Because there was no time for both batsmen to be slow off the blocks, Dhawan led a thrilling takedown of the South African quicks. In the fifth over, he picked up a couple of boundaries off Kagiso Rabada before hitting three boundaries off Morne Morkel’s next, unafraid to take on the short ball along the way. So while Rohit was still finding his feat, India had 48 on the board from 7.1 overs with Dhawan blitzing eight fours in a 23-ball innings worth 34. It was an innings worth its weight in gold as it gave Rohit the time to settle, who then proceeded to do the same favour for Kohli.
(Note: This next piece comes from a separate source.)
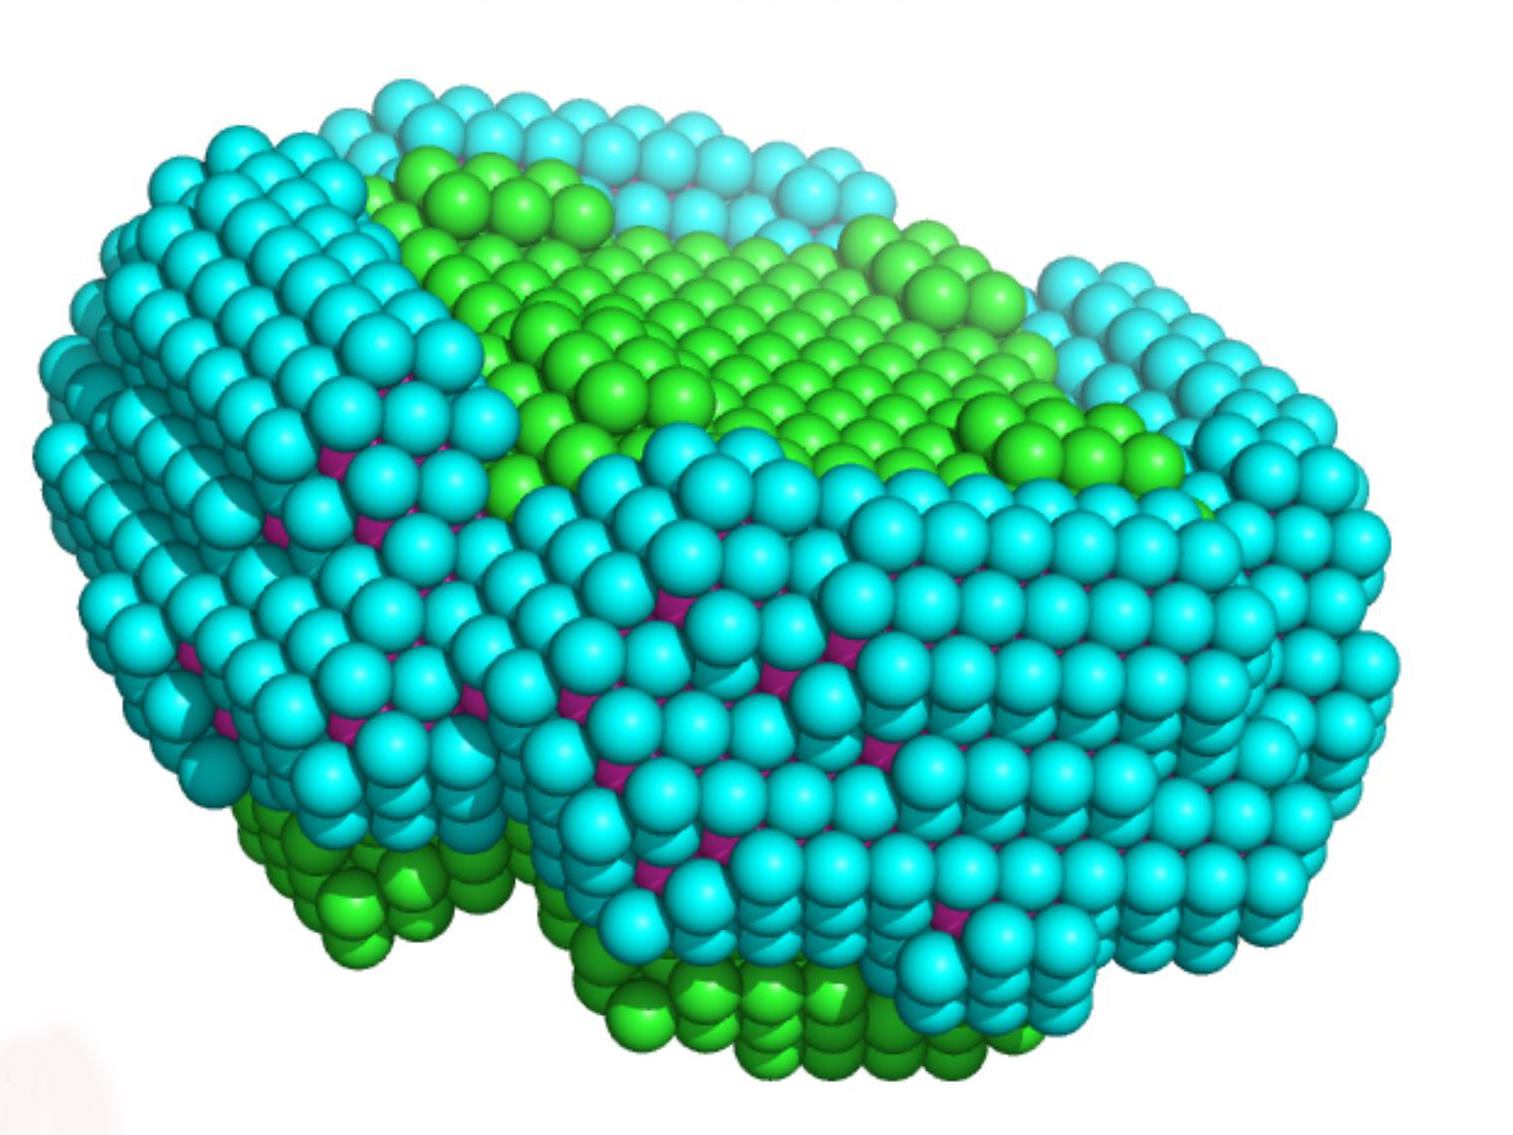 A new “neutron window” onto membrane protein structures

When Rohit stepped out to hit nemesis Rabada deep into the long-on stands, he seemed to have transcended once more to a batting evolution above others – including Kohli, who despite operating at the height of his powers struggled early on to pick his gaps for singles. This synergy between a daintily skilled six-hitter and the world’s most renowned constructor of an ODI innings allowed India to hover around the 6rpo mark even while the Indian captain scored a run for every two balls he faced.
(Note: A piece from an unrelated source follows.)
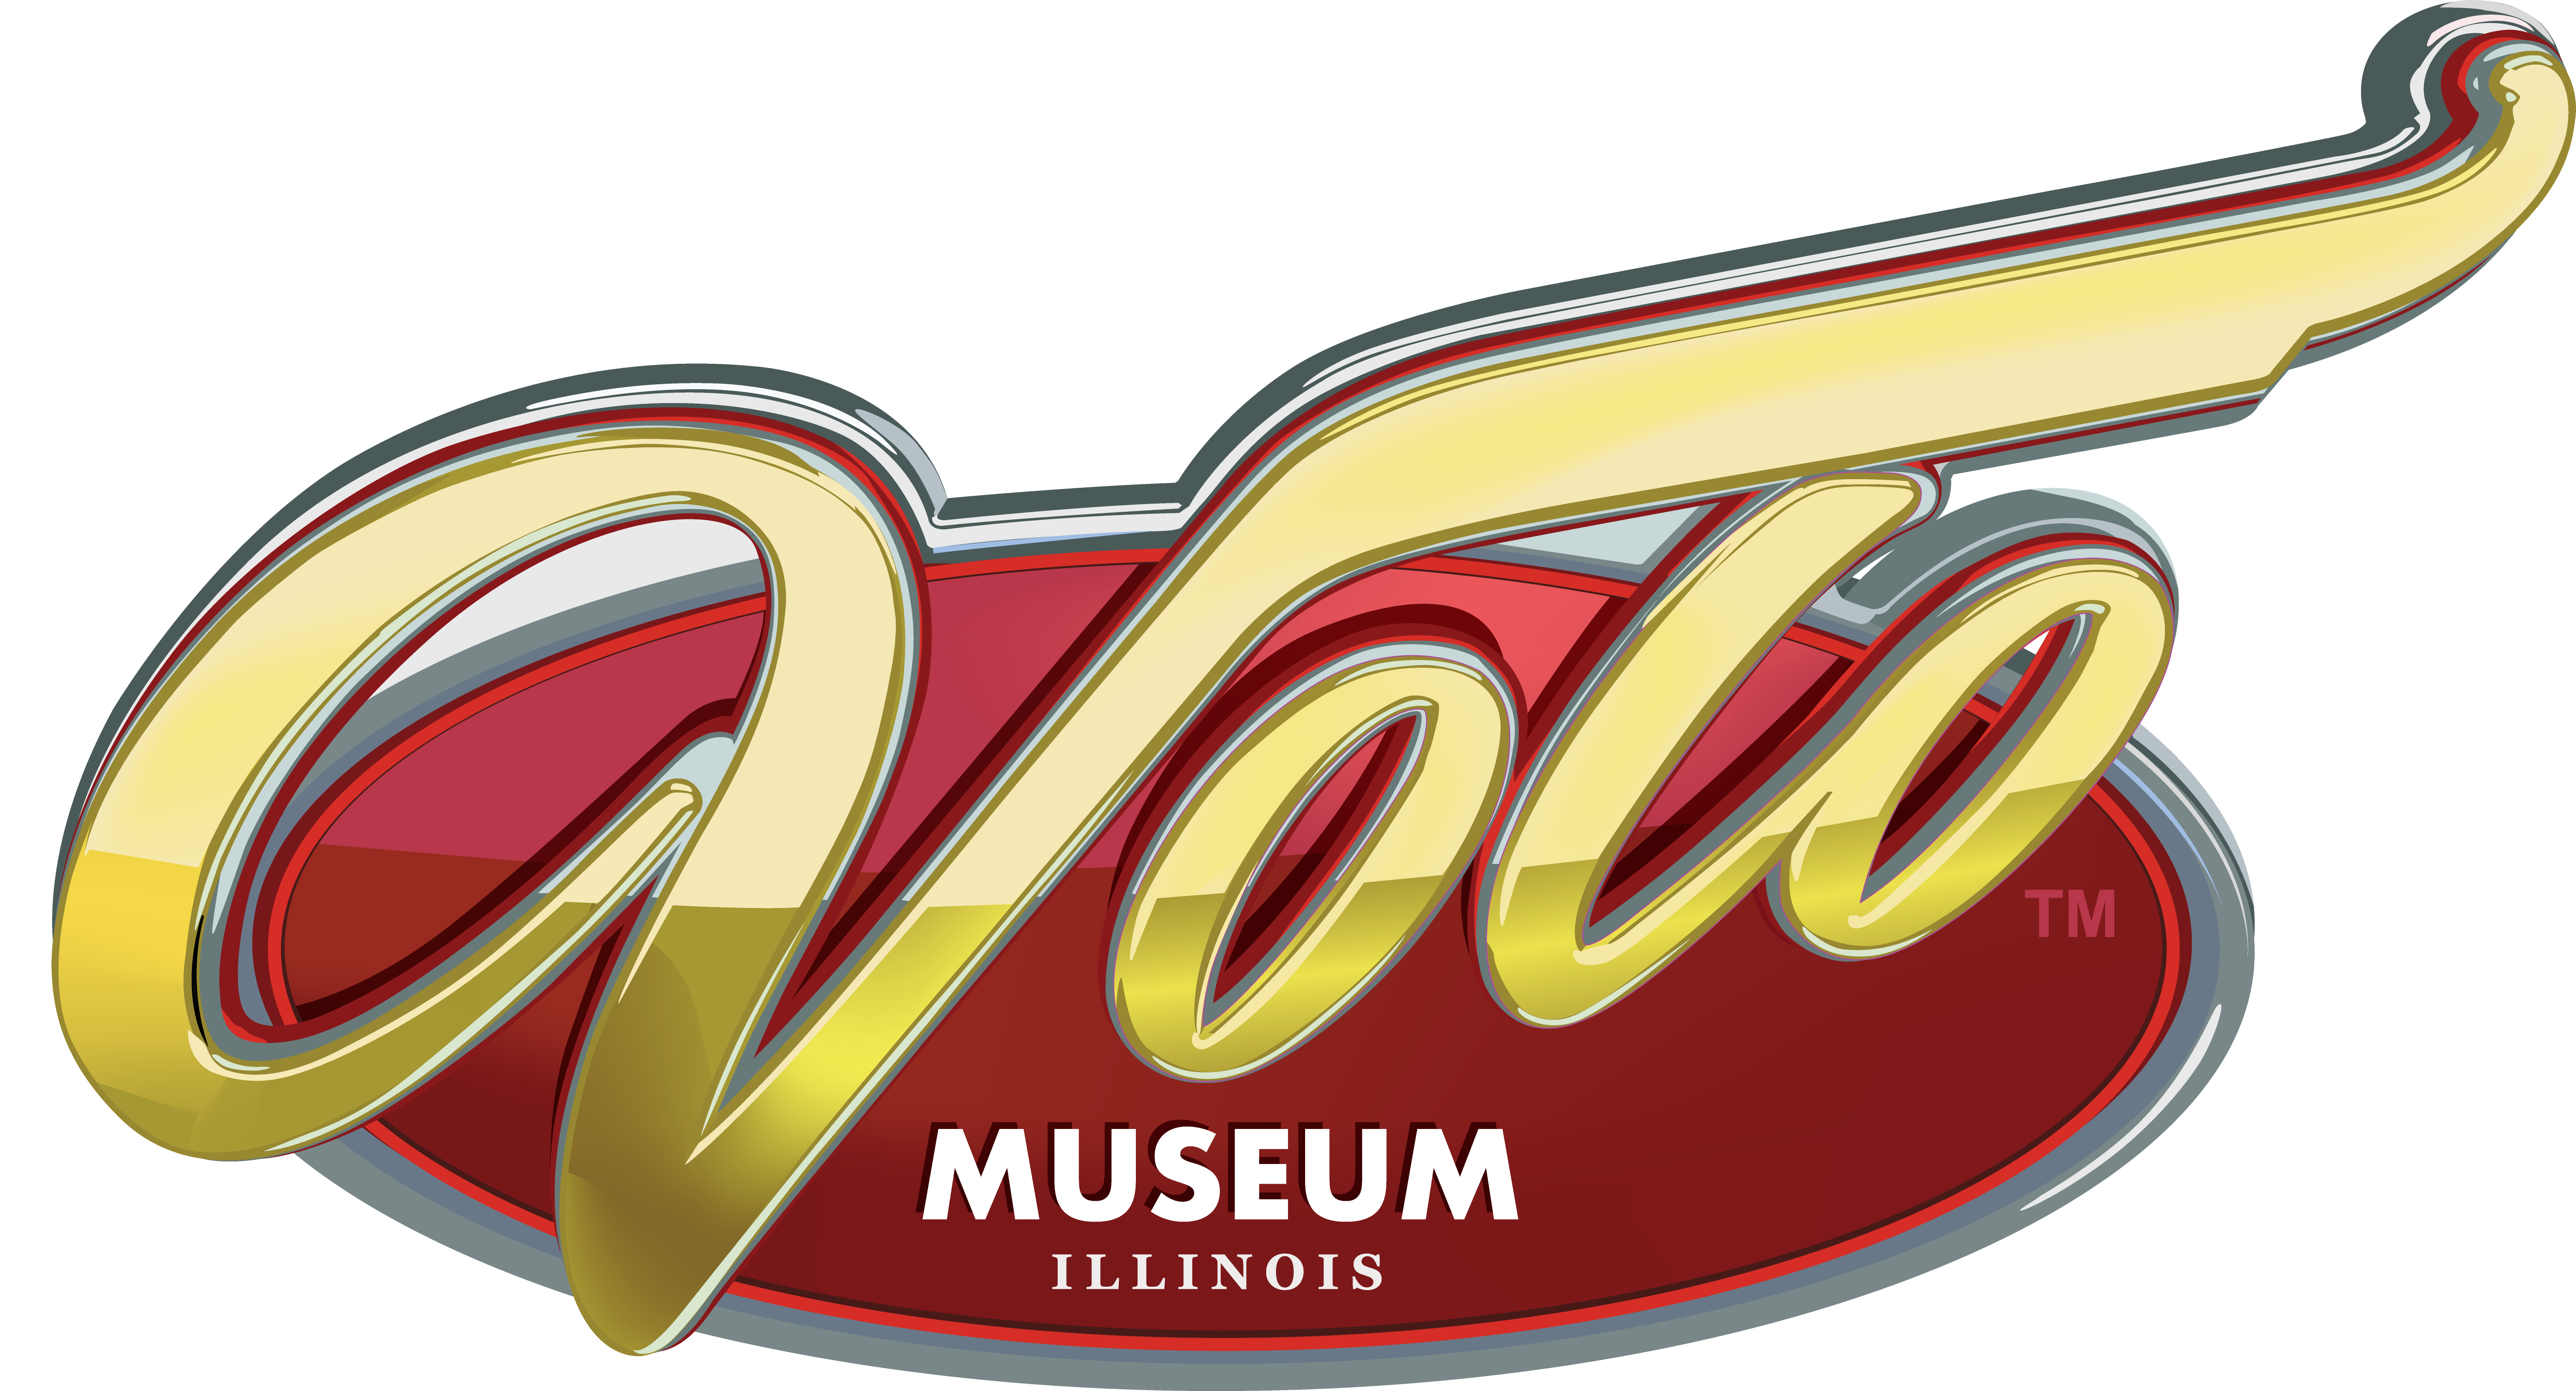 Volo Museum Illinois logo

At the toss, Kohli had mentioned that the batsmen would have to make quick calls on what an ideal target would be. Rohit realised early that it was not a 300 track. But by reaching 114 after 20 overs with Rohit getting to a run-a-ball half-century, India had put themselves in the best position to reach a safe total. Even the fast bowlers returned bowling hard lengths with the softer ball. India took 35 off Rabada’s opening spell while the two spinners – Shamsi and Duminy – went for 49 in a combined eight-over first spell.

“It augurs well for the team… We always talk about batsmen batting through the innings. That is what we are trying to do. Top three have got the best opportunity because they get to play maximum balls. So our three’s responsibility is that if we are set then we have to try and play long,” Rohit said.

“We realized at one point after 20-25 overs that it’s not a 300 wicket because the pitch was getting slower and slower and shot making wasn’t easy. When you get in, you’ve got to make it count and unless you play a bad shot you don’t really get out,” he added.

It was just what South Africa didn’t do when it was their turn to chase 275. Not scoring briskly meant that they left themselves with too much to score through the middle phase of the innings, where the soft ball, the scoreboard pressure and India’s wrist spinners all combined to create an everest of a task ahead of them.

“We spoke about pacing our innings knowing that we have strength at the back, but we needed a good start,” Ottis Gibson conceded. “To be fair we were 50 for none and we lost a wicket with four balls to go in the powerplay to their best bowler – Bumrah. But we lost a couple more shortly thereafter and that set us back. Hash [Amla] tried to rebuild but every time we rebuilt we lost wickets. With the four bowlers, we needed our best six or seven batsmen to bat the bulk of the overs and they weren’t able to do that.”

Rohit completed his 17th ODI ton, and the fourth by an Indian batsman in the series, in the 36th over. Ideally that would have been cue for him to make it big. But today he had to be content with 115 only. When he was dismissed in the 42nd over, he admonished himself by using his bat to cut through the thin Port Elizabeth air with an angry swish. Batting 42 overs is not batting through. His dismissal exposed an untested middle-order and triggered a collapse and India had to settle for 275 when a total above 300 seemed possible.

But those extra runs were merely insurance, which the bowling attack didn’t need on the day. India had one another ODI and with it, the series. The win was a function of their top-order brilliance as much as it was of their spin strength.

Nothing exemplified it more than a little chant from the Indian section of the St. George’s Park crowd – “If Kohli doesn’t get you, Dhawan will. If Dhawan doesn’t, then Rohit will.”

They will, unless of course the three are busy running each other out.